Produkty ekologiczne można kupić nie tylko w supermarketach oraz wyspecjalizowanych sklepach, ale także na targach, w gospodarstwach oraz sklepach internetowych. Kupując żywność bezpośrednio u rolnika, nie ponosimy kosztów związanych z marżą i transportem; produkt będzie więc tańszy niż w supermarkecie. W wielu miastach organizowane są także ekobazary. Sklepy online, takie jak np. internetowe delikatesy, niejednokrotnie udostępniają kody rabatowe na swój asortyment. Przykładowo rabaty do Frisco na Promoszop pozwalają na znaczne obniżenie ceny wybranych artykułów ekologicznych.

Jak rozpoznać produkty „bio”? 

Moda na żywność ekologiczną to niestety także okazja dla nieuczciwych producentów, którzy opatrują swoje produkty napisem „eko” i sprzedają je po wyższej cenie. Taki produkt nie różni się wiele od tańszego odpowiednika z innego działu w sklepie. Jak więc rozpoznać żywność „bio” pośród pseudoekologicznych podróbek?

Zasady rolnictwa ekologicznego regulowane są wieloma przepisami prawnymi, zarówno krajowymi, jak i europejskimi – pełna lista ustaw tutaj.

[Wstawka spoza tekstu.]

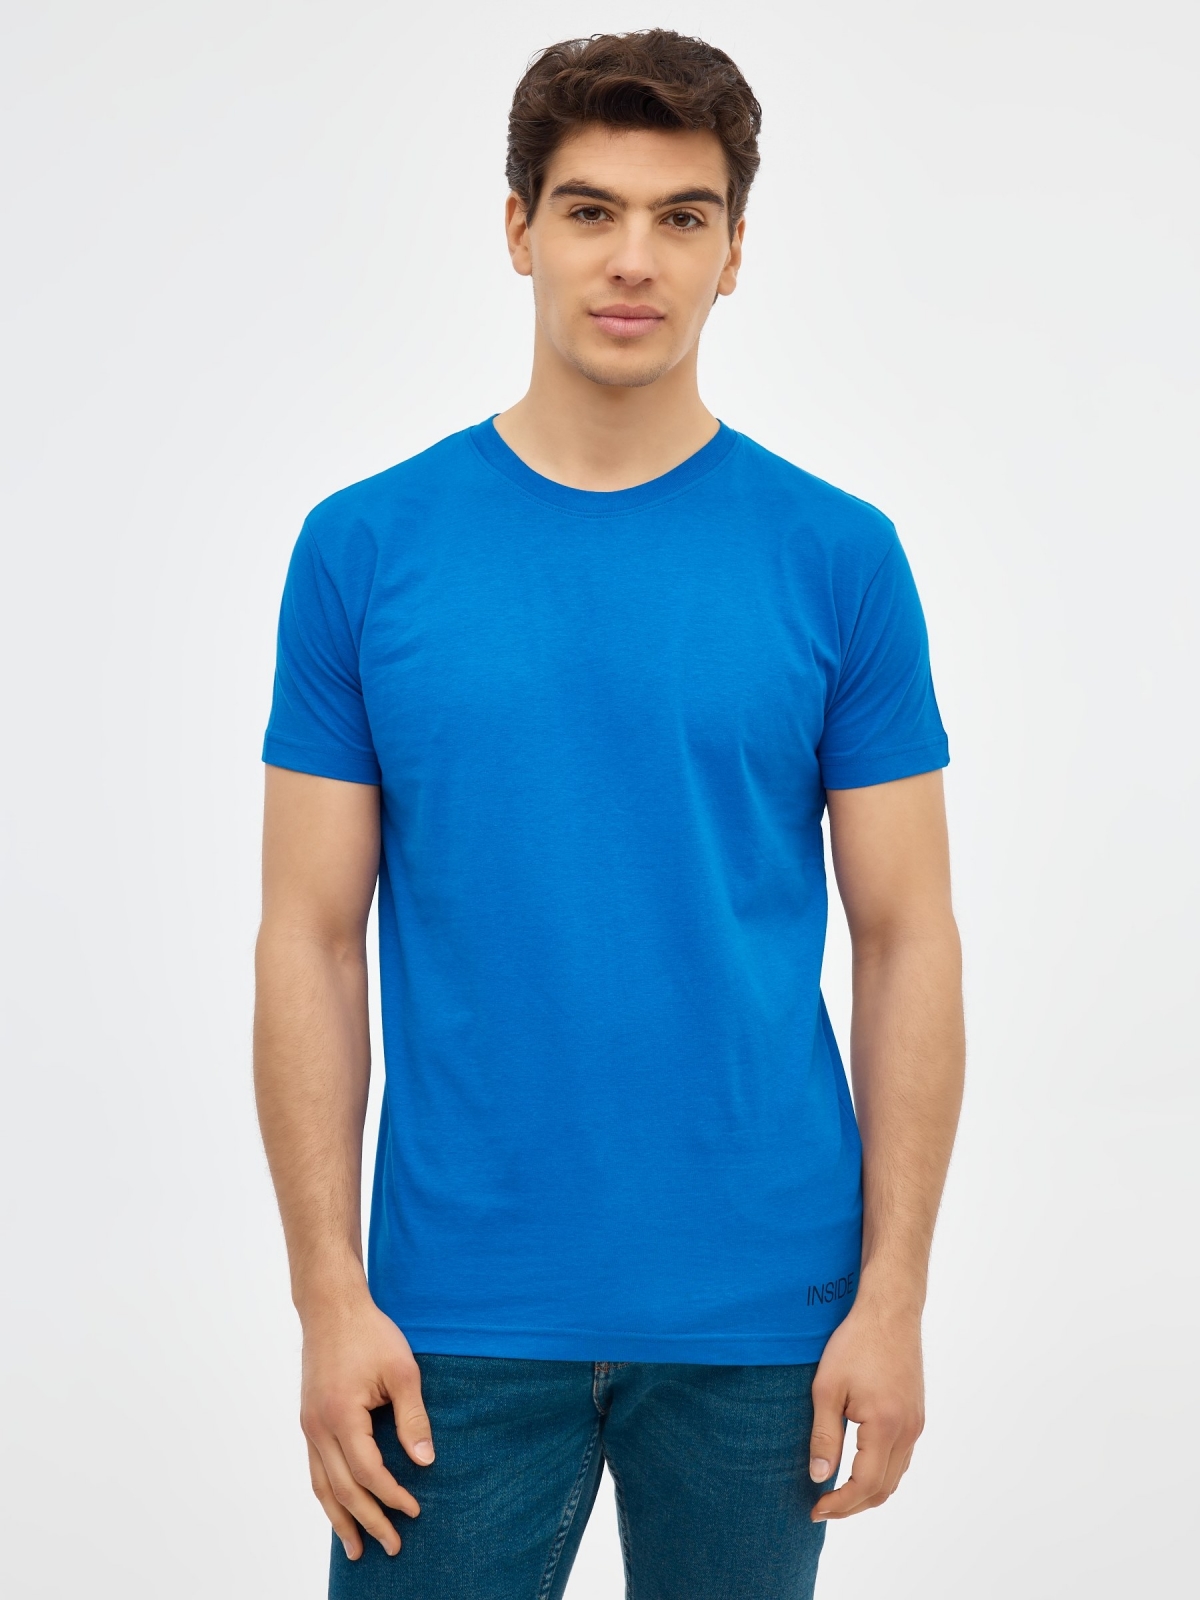 Camiseta básica manga corta azul ducados vista media frontal

Oficjalne logo żywności „eko”, obowiązujące na terenie Unii Europejskiej od 2012 roku, to wizerunek liścia otoczonego gwiazdkami na zielonym tle. Na artykułach pochodzących z gospodarstwa ekologicznego znajdziemy ponadto jego nazwę, adres oraz numer identyfikacyjny jednostki certyfikującej.

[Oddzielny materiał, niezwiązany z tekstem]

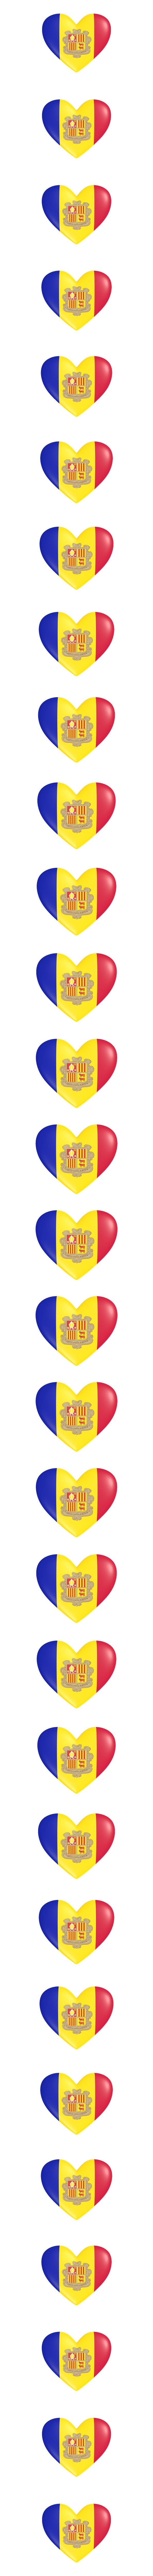 Andorra heart

O tym, że warto kupować żywność „bio”, przekonuje nas m.in. Szwajcarski Instytut Badawczy Rolnictwa Ekologicznego, który podał, że uprawiane w ten sposób warzywa i owoce zawierają znacznie więcej przeciwutleniaczy o działaniu antyrakowym, w tym resweratrolu, który opóźnia proces starzenia się. Poza tym mają one więcej błonnika, minerałów i witamin, a także nie dostarczają organizmowi szkodliwych związków azotu. Ponadto – dzięki wyższej zawartości witaminy C, która jest naturalnym konserwantem – charakteryzują się dłuższym okresem przydatności do spożycia.

2 komentarze

  1. My mamy działkę warzywną,na której uprawiamy sobie ekologiczne warzywa i owoce na swoje potrzeby(i znajomych). Od lata do jesieni robimy sobie różne przetwory i wzbogacamy nimi swój zimowy jadłospis.Do oprysków na swojej działce stosujemy np.taki wywar z pokrzyw.Nie stosujemy żadnej chemii.Plony są niższe, ale zdrowsze.
    Powinno być więcej miejsc,gdzie chętni mogliby kupić sobie warzywa i owoce z ekologicznej uprawy.Jeśli ktoś jest zainteresowany,to na pewno wyda trochę więcej na te produkty.Jednak muszę przyznać,że ostatnio widuję w niektórych sklepach stoiska z taką żywnością.
    Mnie teraz zainteresowały wypieki-chleb na zakwasie.Odkryłam nawet taką małą piekarnię i kupuję tam chleb żytni na zakwasie .Ucieszyło mnie to,że są etykiety,które informują o składzie takiego chlebka.